Q4. The MPR expects slower consumption growth in the next two years. Why will it fade when it has been holding up?
A4. We don't have a lot of growth in the forecast but we do have growth and it's really consumption that is underpinning that. Growth is very weak in the near term because of exports and investment and then you start to see it pick up as exports and investment start to recover. What is underpinning this is further easing. We don't think consumption will stay as strong as it was in Q2 as population growth is low in the forecast and confidence and uncertainty weigh on spending. [ed. should've answered 'services!'. ie: the nontradeable sector which remains very buoyant even now].
Q5. General question on trade and advice to job seekers
A5. The economy will be less efficient and growth will be lower. There are things that can bend the growth path upward but they are not what monetary policy can do. We need to get productivity growth up. Unless we change those other things then our standard of living will be permanently lower.
Q6. What could alter your outlook?
A6. You need to see sustained developments that are material and we are prepared to respond if we see that. With this cut based on this outlook we think the current policy rate is about right.
Q7. Was the intent to signal that the policy rate is at the right level because of upside risks to inflation as fuelled by tariffs and the change in the global backdrop?
A7. Above all our job is to maintain low inflation. There is a role for monetary policy to play in helping the economy adjust but we can't lose sight of our inflation objective.
Q8. Would a further investment in AI offset the hit from US tariffs?
A8. AI does have great potential to improve productivity to raise standard of living. AI has the potential to create new products but also disrupt. The most recent Nobel Prize in economics is about just that. The process of innovation can create opportunities and destroy others. It is unclear exactly how transformative AI is. What the balance is between long-term gain and disruption. Our sense is this will play out faster than previous technology shocks.
Q9. DepGov Gravelle said the BoC will restart t-bill buying in Q4. Is that still the same or does it depend on the budget?
A9. Our plan hasn't changed. If it changes, we would provide advance notice. Everything remains on track. [ed. too bad the question didn't go further about what's next in 2026....tbc].
Q10. Comments on financial stability? Is it a good bubble or bad one in US stocks?
A10. In the risks section of the MPR we did highly one of the risks being stretched equity valuations. The AI boom is in full flight. If there were a shift in sentiment about the payoff of AI you could see a sharp revaluation downward. Yes that could have some economic consequences.

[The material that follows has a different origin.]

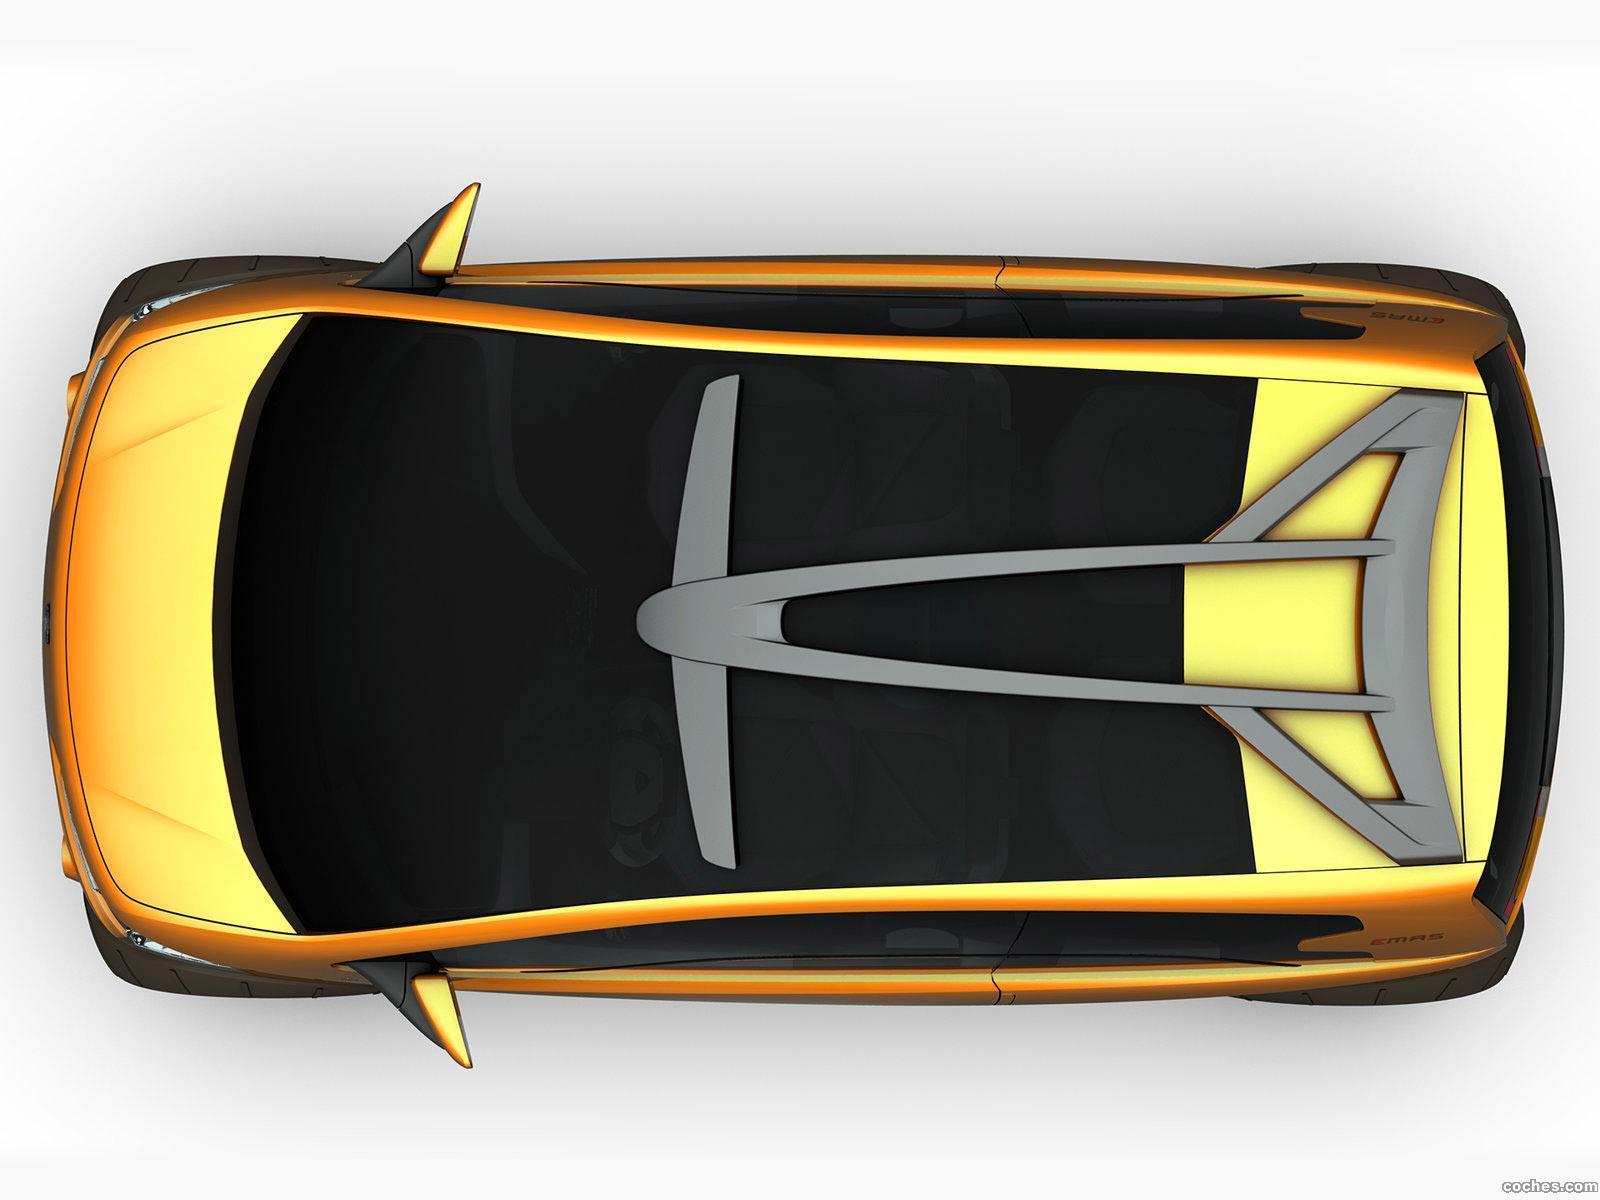 Foto 1 de Proton EMAS Country Concept by Italdesign 2010

Q11. Do your models indicate whether a 25bps cut is enough to offset the trade shock and population weakness on housing?
A11. Rogers answering. We don't specifically model the impact on housing. Speaking generally about affordability differences by region. It's a really diverse housing market with more acute challenges in Toronto condos. We do see some pick up in housing activity in the forecast.
Q12. Does the BoC still think Canada will avoid a recession in 2025? Where is growth coming from in 2026?
A12. Q2 GDP was negative. Our outlook has growth resuming in H2 to be very modest. When we forecast a small positive we can't rule out a small negative. We can't rule out a couple of negative quarters. What I would emphasize is they're not going to feel good. We're not forecasting a sharp down draft in the Canadian economy with a big rise in the unemployment rate more typical of past recessions. What is supporting growth? Consumption and housing have been pretty resilient. We think consumption growth will moderate. By lowering interest rates we are providing more support. Government spending is also contributing to growth. What's weak in the near-term is exports and business investment. Coming into next year they start to recover. With that GDP picks up in 2026-27.